If the application is going to support updates to the underlying data then it will need to know which Named Graph(s) must be updated. This information should be available by querying the store to identify the graphs that contain the specific triple patterns that must be updated. SPARUL request(s) can then be issued to apply the changes across the affected graphs.

The difficult of co-ordinating updates from the application with updates from the document conversion (or crawling) workflow means that this scenario may be best suited for read-only publishing of data.

Its clear that this approach is much more optimised to support the underlying data conversion and/or collection workflows that the publishing web application. The trade-off doesn’t add much more complexity to the application implementation, but doesn’t exhibit some of the same architectural benefits, e.g. easy HTTP caching, data sharding, etc, that the first model exhibits.

Summary

In this blog post I’ve explored two different approaches to managing and publishing RDF data using Named Graphs. The first scenario described an architecture that used Named Graphs in a way that simplified application code whilst exposing some nice architectural properties. This was traded off against ease of data management for large scales updates to the system.

The second scenario was more optimised data conversion & collection workflows and is particularly well suited for systems publishing Linked Data derived from other primary sources. This flexibility was traded off against slightly more complex application implementation.

My goal has been to try to highlight different patterns for using Named Graphs and how those patterns place greater or lesser emphasis on features such as RESTful protocols for managing graphs, and different styles of update language. In reality an application might mix together both styles in different areas, or even at different stages of its lifecycle.

If you’re using Named Graphs in your applications then I’d love to hear more about how you’re making use of the feature. Particularly if you’ve layered on additional functionality such as versioning and other elements of workflow.

Better understanding of how to use these kinds of features will help the community begin assembling good application frameworks to support Linked Data application development.

6 thoughts on “Approaches to Publishing Linked Data via Named Graphs”

Justin Cormack says:

December 20, 2009 at 2:37 pm

I have been thinking about the first case in fairly similar terms for a while.
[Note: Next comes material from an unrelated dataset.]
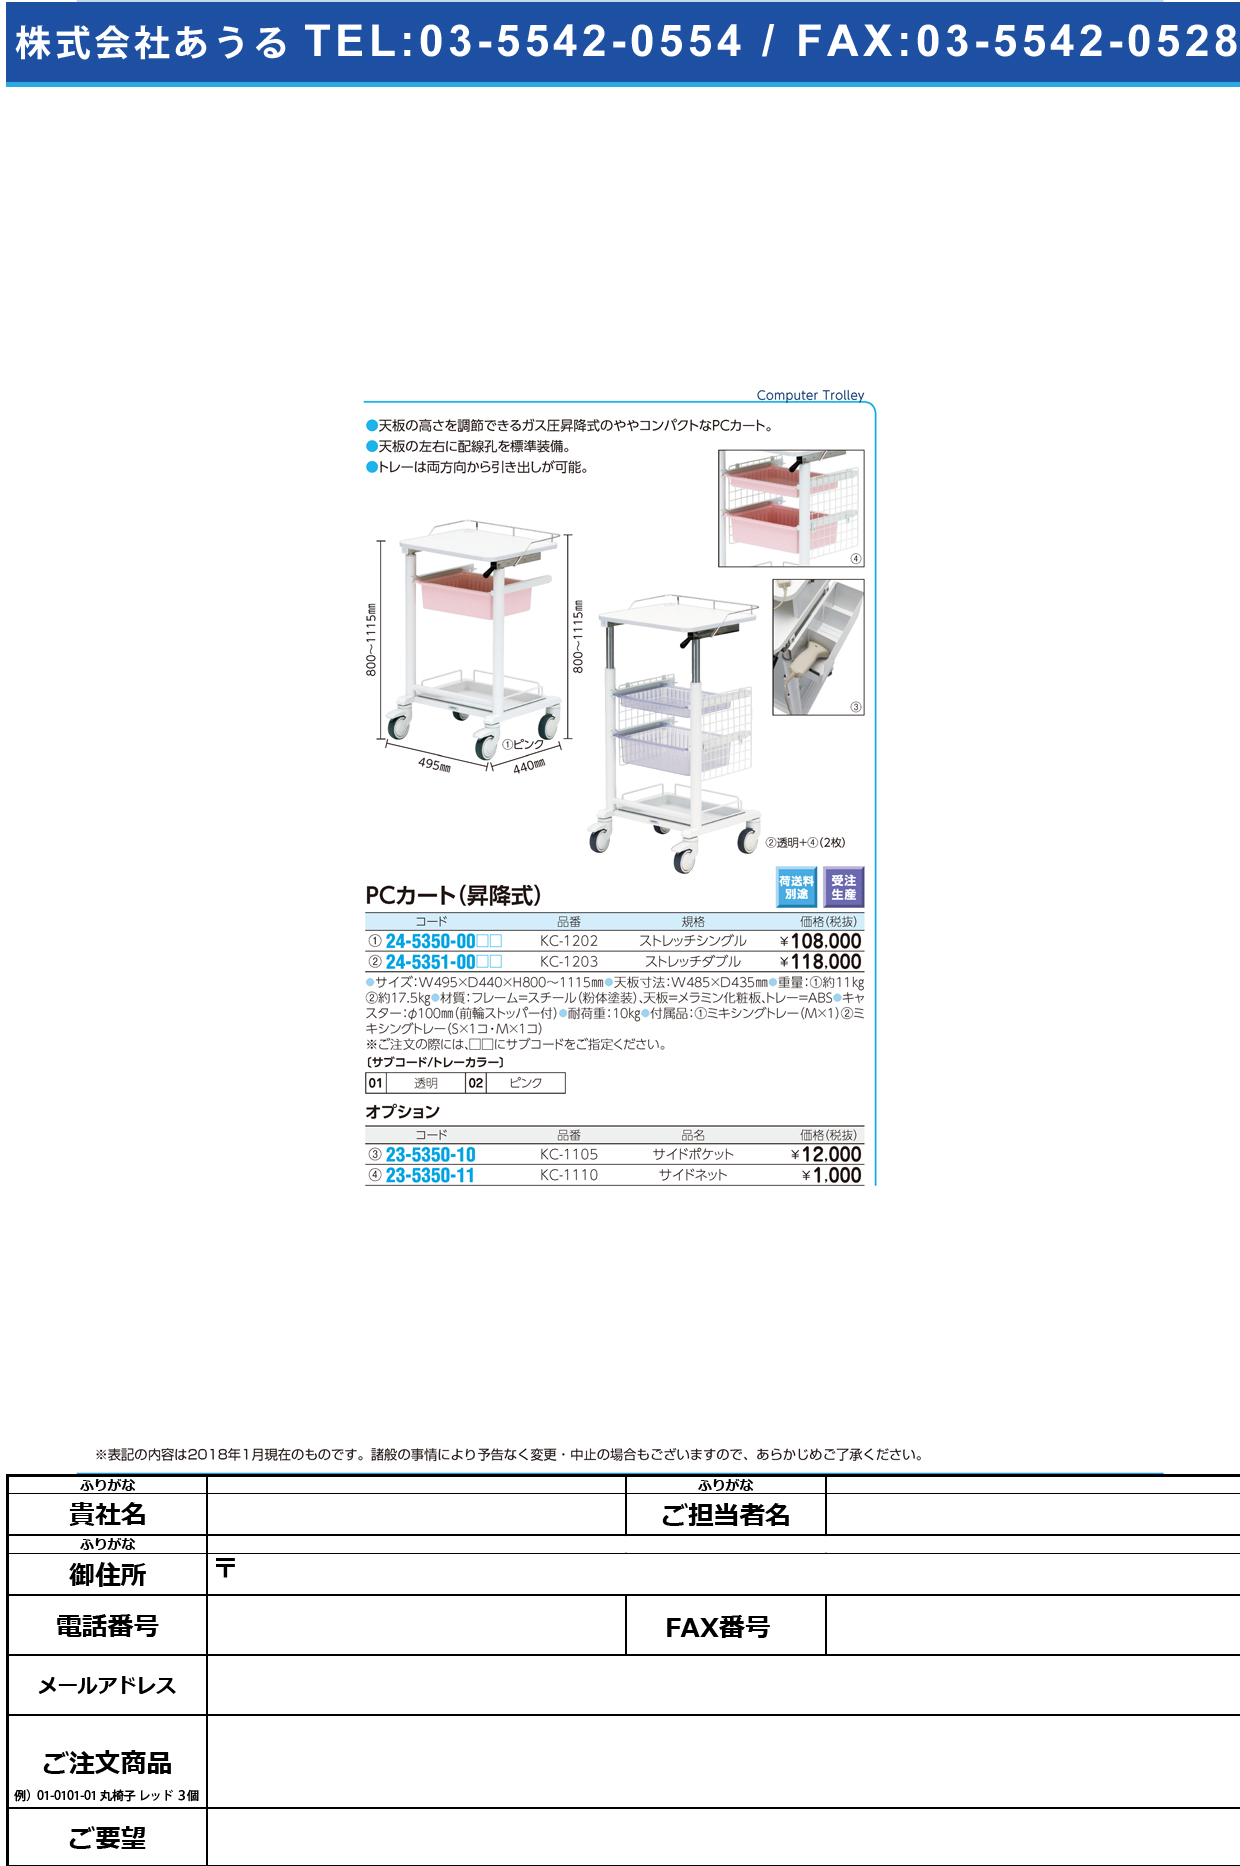 (23-5350-11)サイドネット KC-1110 ｻｲﾄﾞﾈｯﾄ(ケルン)【1枚単位】【2019年カタログ商品】
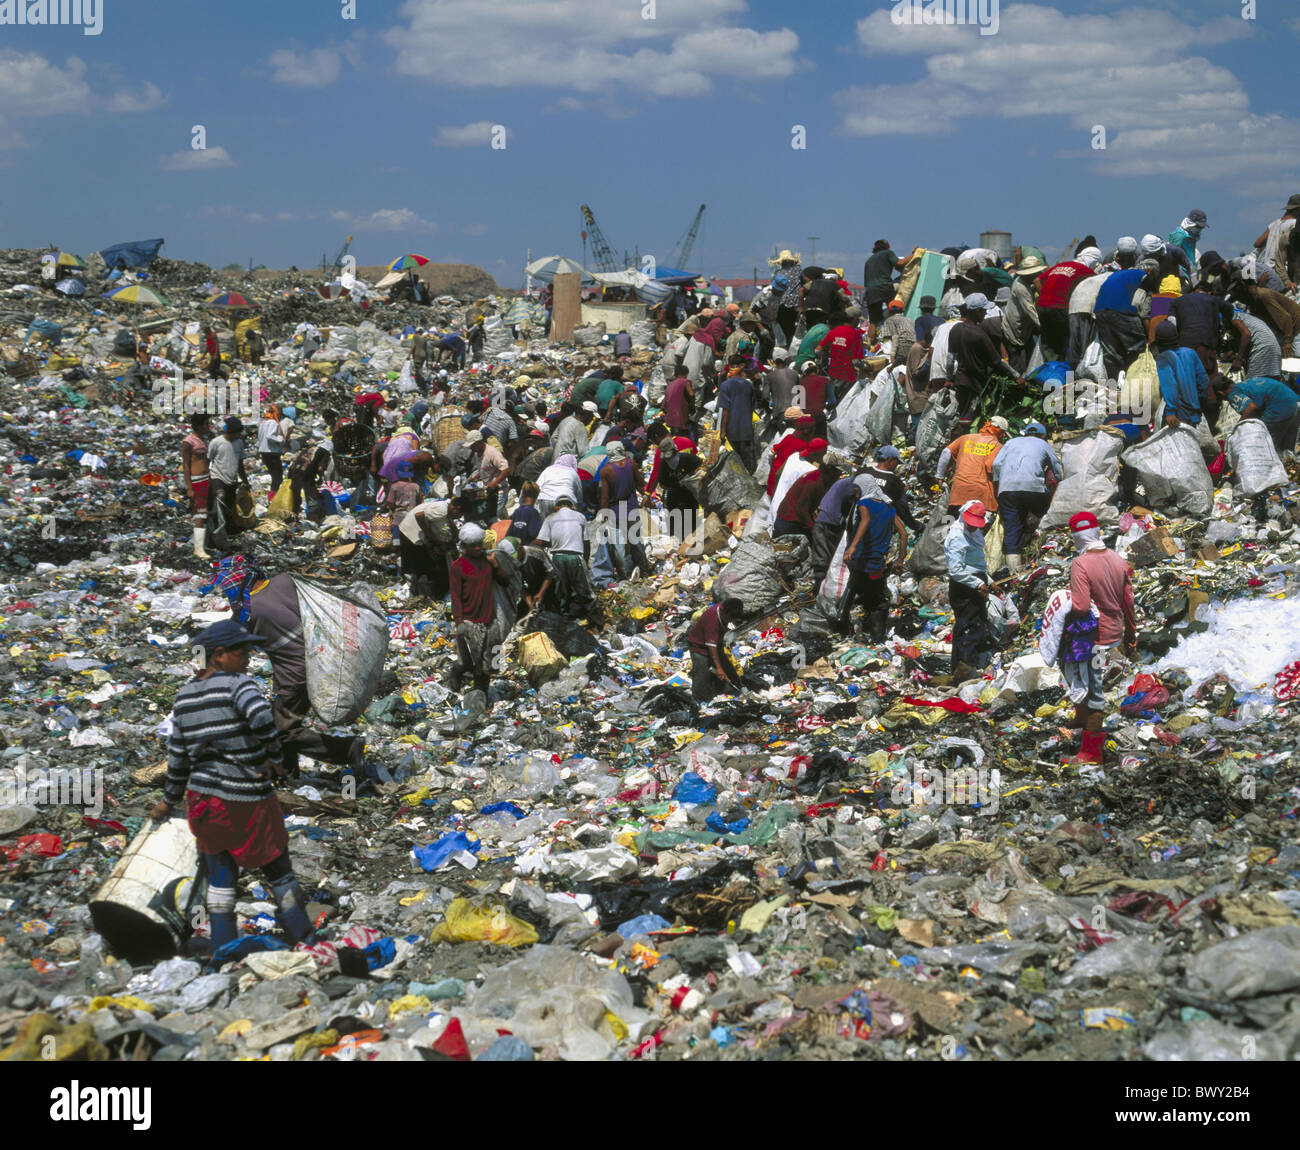 waste mountain poverty Third World misery squalor hunger Manila person Philippines Asia Smokie Mountain s Stock Photo

A queue based model with eventual consistency has also been my preferred choice, although I think you may need to build up more general collection objects than full triplestores to efficiently answer specific queries.

I am glad there is some recognition in the W3C now that it is necessary to talk about RDF and SPARQL outside a pure document context and recognize that the (only significant) use case is on the web and issues about REST, the resource model and updates matter. We need to get away from Prolog in XML to get stuff used.
Pingback: uberVU - social comments
Michael Hausenblas says:

December 20, 2009 at 3:07 pm

Thanks for this Leigh, very valuable write-up! I agree, it’s an important issue and we should start collecting good practices. Note that we’ve recently looked into this issue as well (http://sw-app.org/pub/restful-sparql.pdf)

Cheers,
Michael
1. admin says:
  
  December 21, 2009 at 4:59 pm
  
  Hi Michael,
  
  Thanks for the pointer I’ll take a look at the paper. I’ve read your recent blog posts about RDF & REST as its an area that I’m particularly interested in: the two are very well aligned in my view.
  
  Cheers,
  
  L.
Benjamin Nowack says:

December 21, 2009 at 9:27 am

Hi Leigh,

I’m generally using multiple graphs per resource, where each graph is associated with a certain front-end operation, e.g. the “basic details”-form for resource writes into graph , the “friends”-manager saves data in , interests go into etc.

This requires a graph look-up when a resource is going to be deleted, but it makes managing sub-chunks of a resource description quite hassle-free. I can simply replace the respective graph w/o messing with the data that’s meant to be kept.

Caching and RDF serving is then based on the resource view (which is built from multiple graphs), i.e. a new, app-specific graph is exposed to consuming applications.

To support the larger number of graphs backend-wise, I’ve normalized/separated the “graph” URI from the triple parts so that typical/non-graph queries can work with a compact triple table. On the down-side, certain GRAPH patterns (e.g. in OPTIONALs) become rather painful due to the larger number of table joins.
1. admin says:
  
  December 21, 2009 at 4:58 pm
  
  Hi Benji,
  
  Thanks for the comment, that’s another interesting variant and one that I hadn’t considered.
  
  L.